» **DATA EXTRACT**:
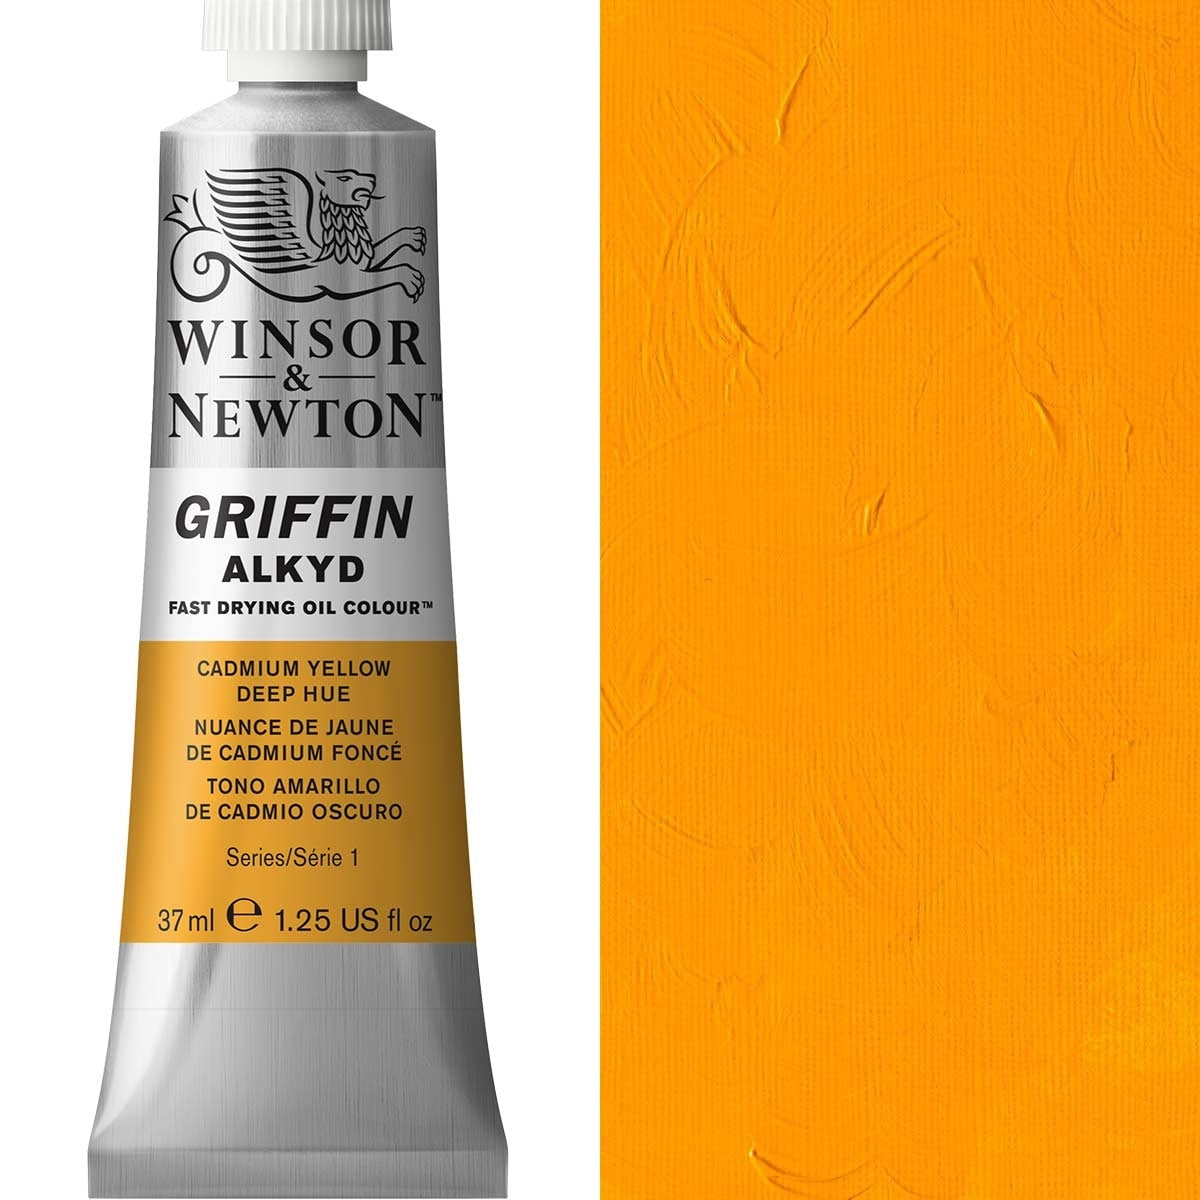 Winsor et Newton - Griffin Alkyd Huile Couleur - 37 ml - Cadmium jaune profonde
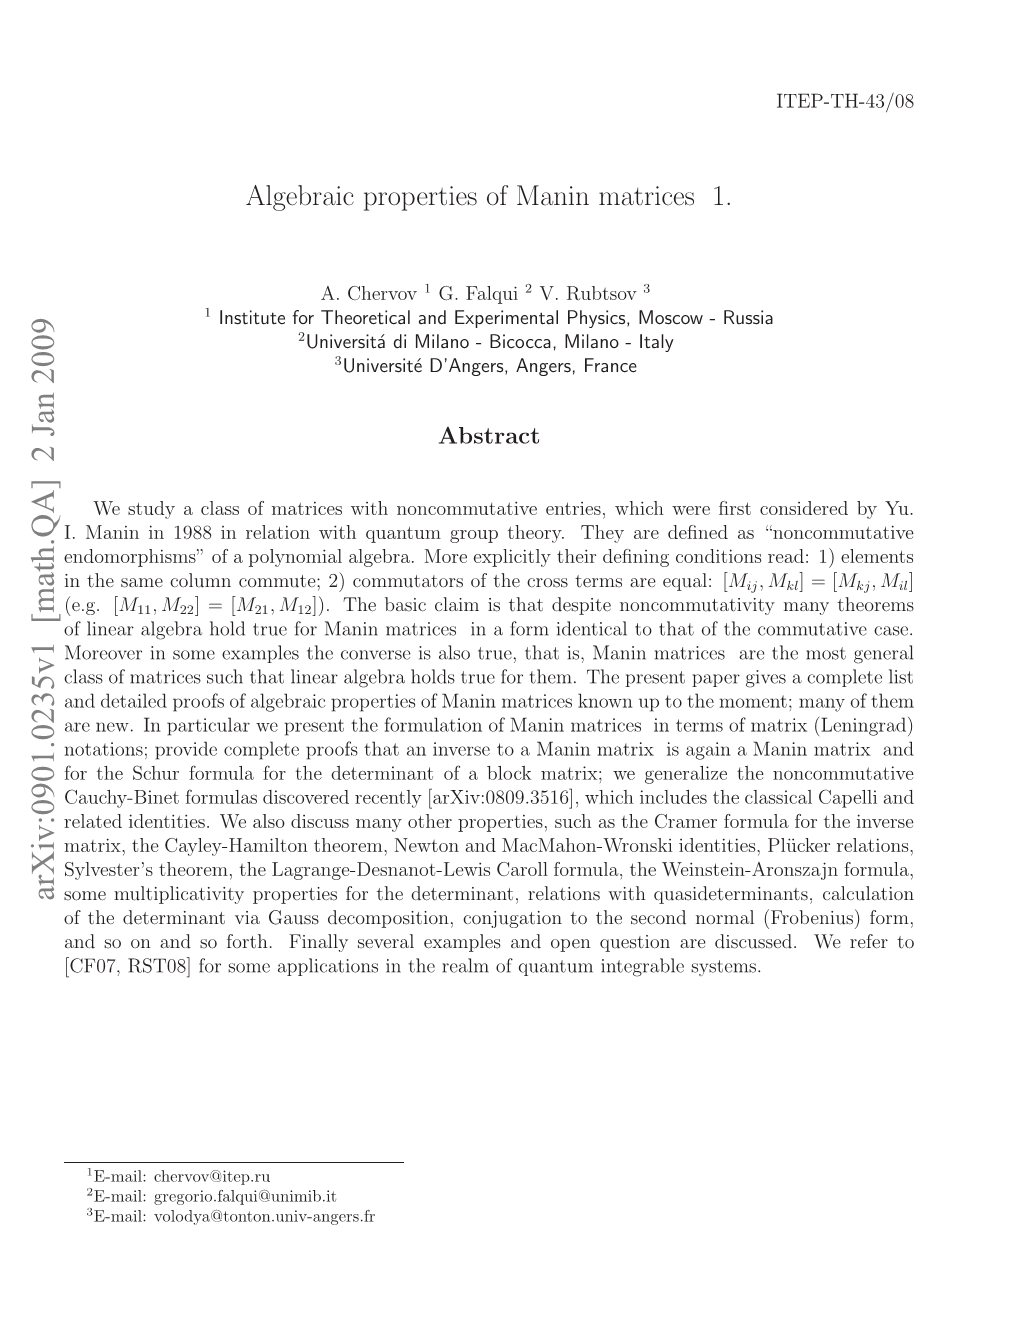 Algebraic Properties of Manin Matrices 1
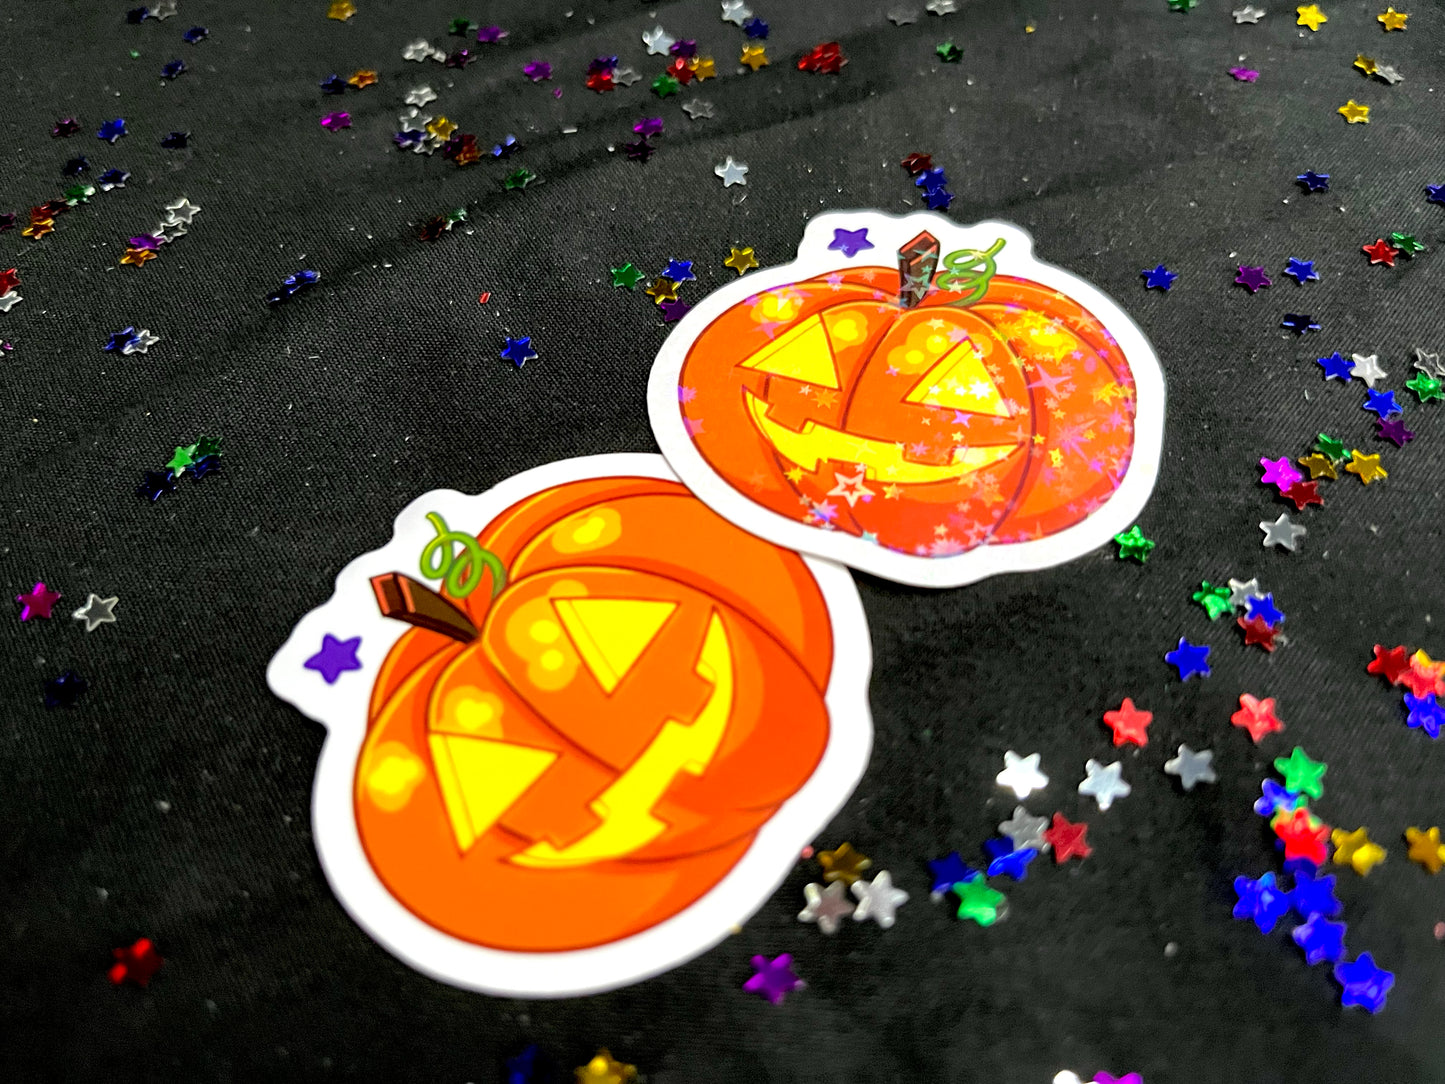 Happy Jack-o-lantern Sticker

» **WHAT IS EXPECTED**: Without including any picture, write out the material above exactly.

» **RESULT BELOW**:
 Winsor et Newton - Griffin Alkyd Huile Couleur - 37 ml - Cadmium jaune profonde
 Algebraic Properties of Manin Matrices 1
 Happy Jack-o-lantern Sticker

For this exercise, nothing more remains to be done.